● **Work to be completed**
When you copy the data, keep every word exactly as it is and leave the pictures out.

━━━ Collected material ━━━

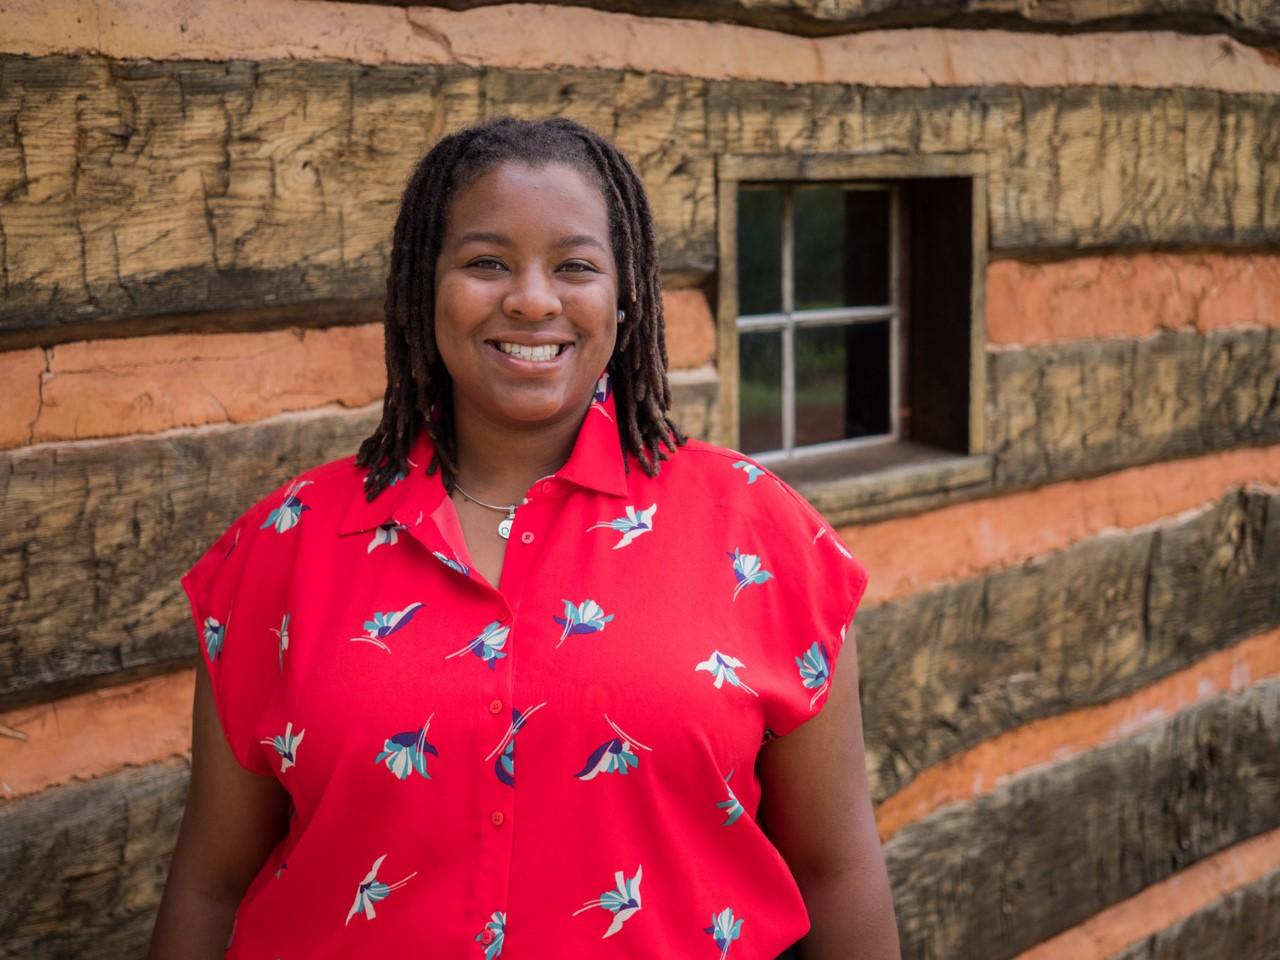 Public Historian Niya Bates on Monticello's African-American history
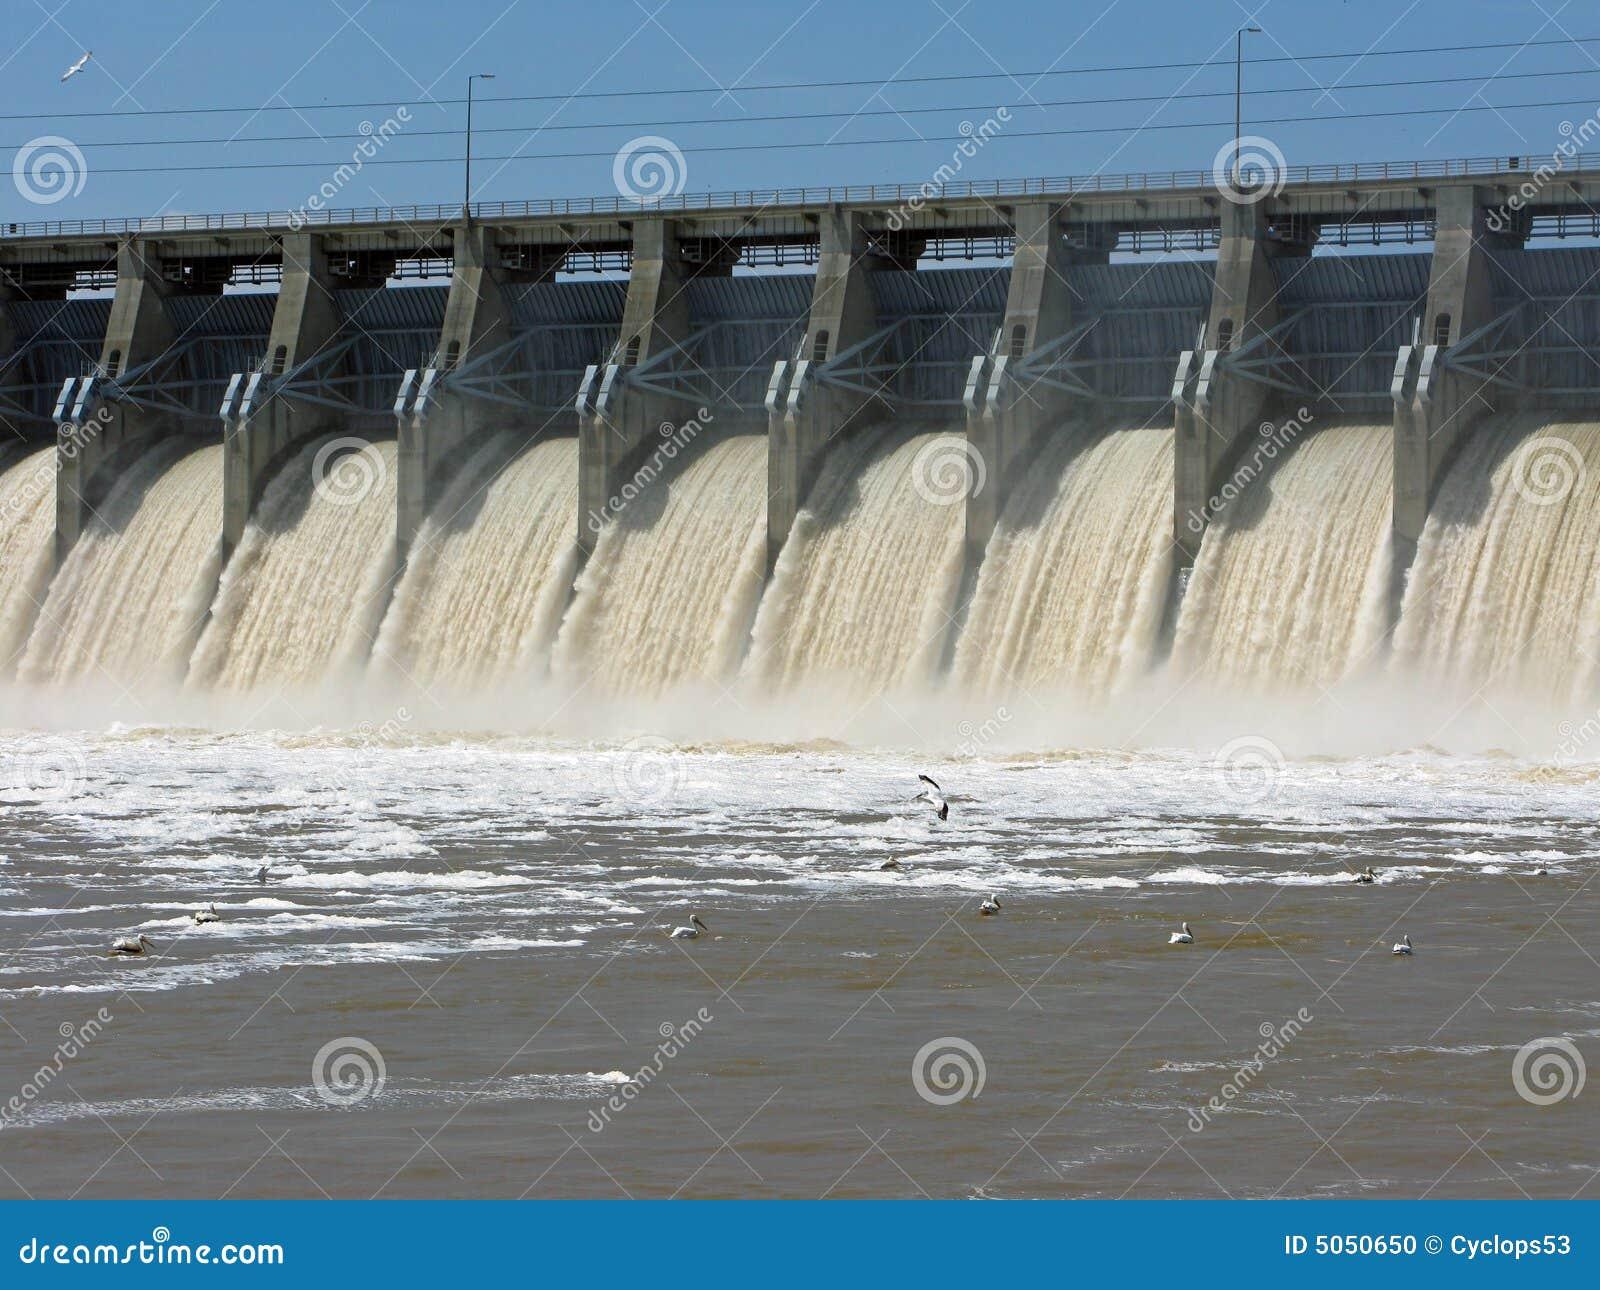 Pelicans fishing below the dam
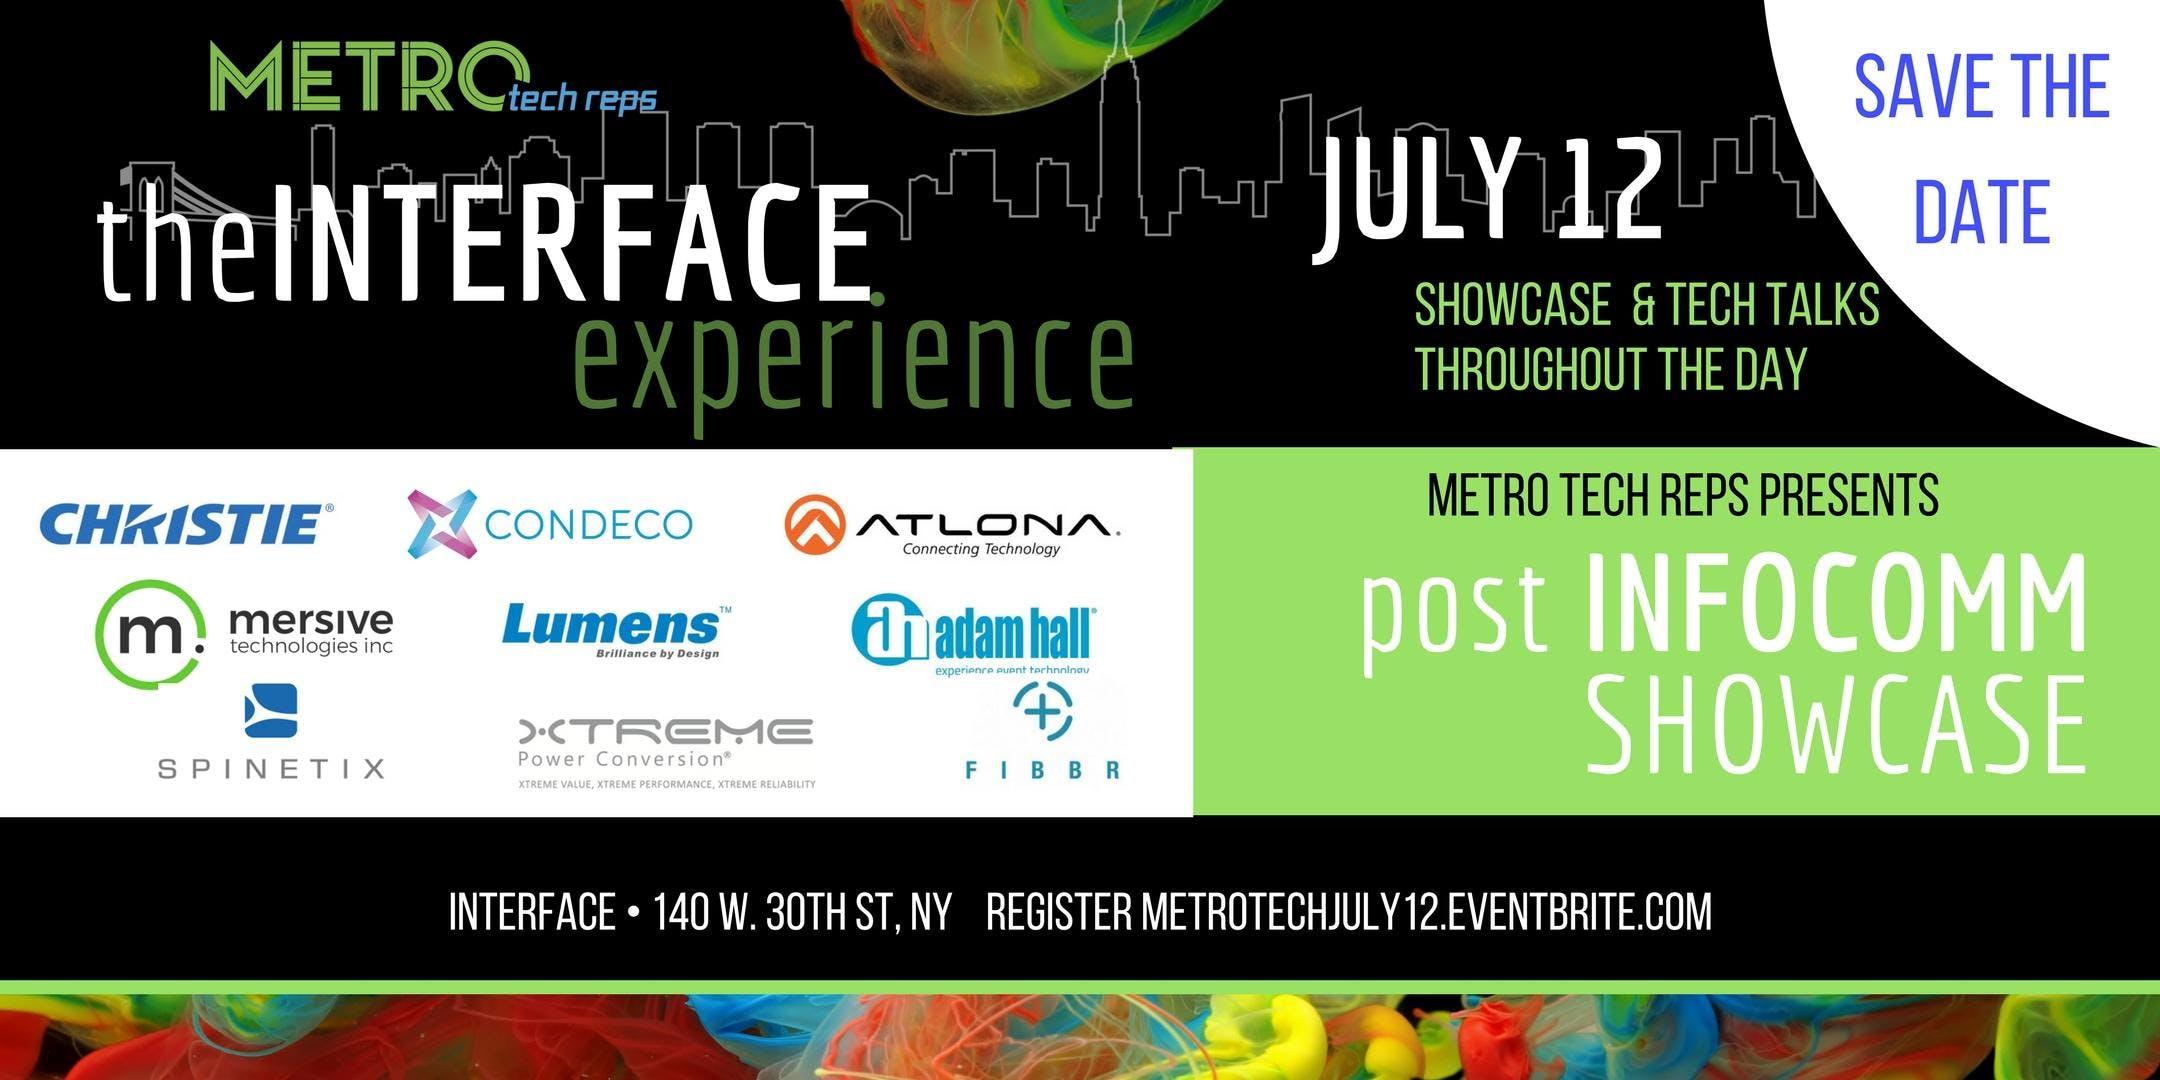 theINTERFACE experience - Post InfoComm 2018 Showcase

━━━

● **Task solution**
 Public Historian Niya Bates on Monticello's African-American history
 Pelicans fishing below the dam
 theINTERFACE experience - Post InfoComm 2018 Showcase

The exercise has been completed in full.